Engine Slaughters Cattle

MUSKOGEE, OK. December 28, 1909. — A pot shot is a term applied to a hunter firing into a bunch of birds huddled on the ground, and it is not considered sportsmanlike, but that is what the fast mail on the Missouri, Kansas, and Texas, from St. Louis to Dallas, took the other day when a bunch of cattle were huddled on a crossing near Eufaula and 23 head of the cattle were killed.

The train kept right on.

The fast mail runs at 60 miles an hour through Oklahoma. It was running at that rate when it came to a crossing on the Scott farm four miles north of Eufaula the other day when it struck the bunch of cattle.
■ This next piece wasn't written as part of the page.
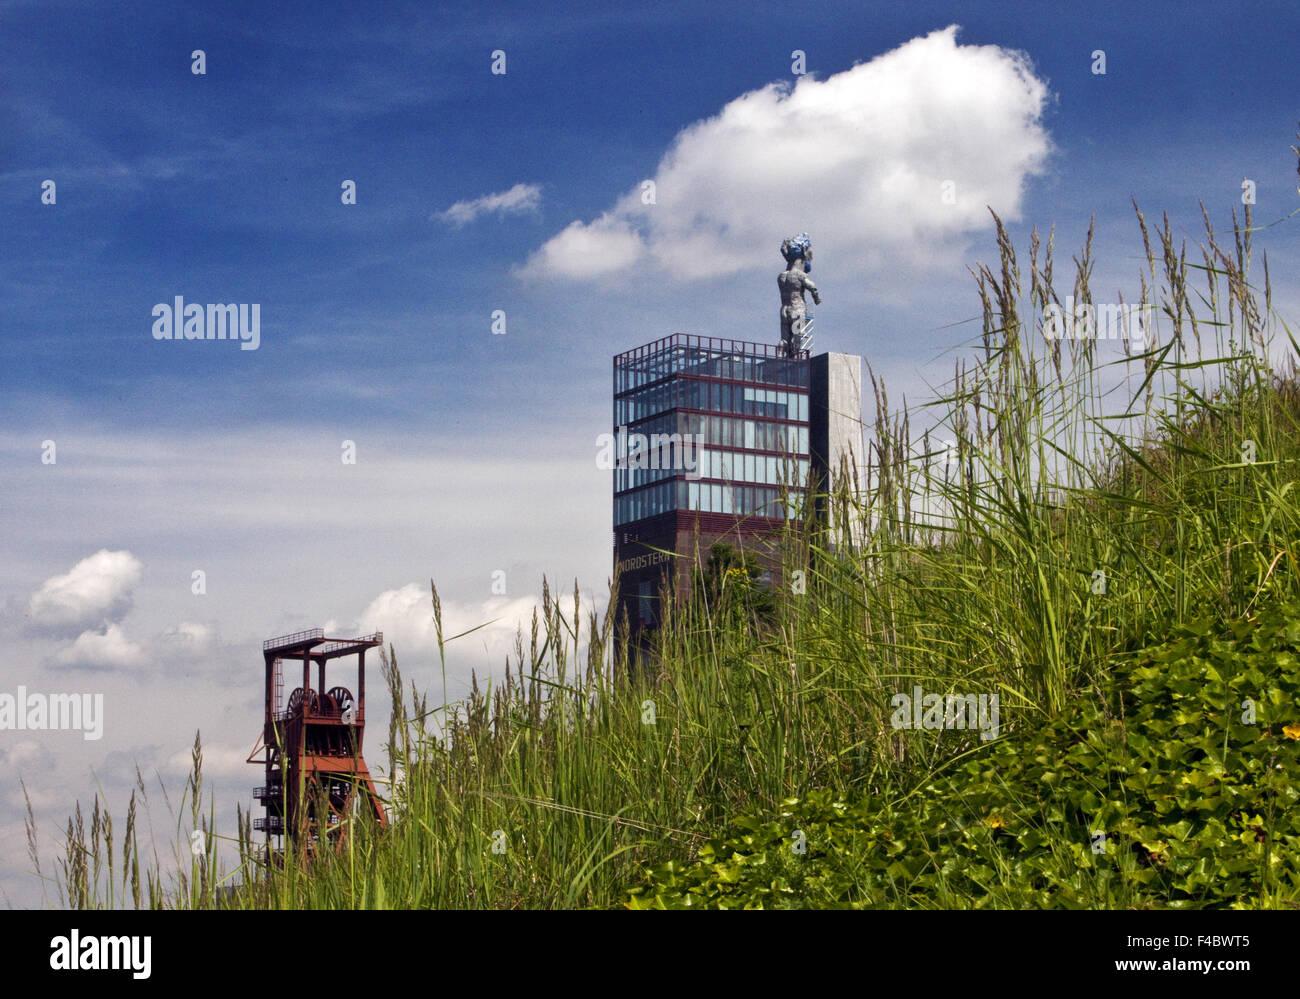 Nordstern Park, Gelsenkirchen, Germany - Stock Image

There were 500 head of cattle in a pasture and they had broken out and were huddled up at the railroad crossing. The engineer could not see them until too close to stop, and he took chances of plowing through them.

All that passengers knew of the accident at the time was a sudden jar of the train, but it did not stop. The cow-catcher was demolished and the engine was spattered with blood from headlight to tender. The train ran for three miles and was then forced to stop and dislodge some of the carcasses from the trucks of the engine and tender, and tear away certain parts of the broken cow-catcher which were dragging. 

It was found later that the engine had killed 23 of the cattle, and it is considered a miracle that the train was not completely wrecked.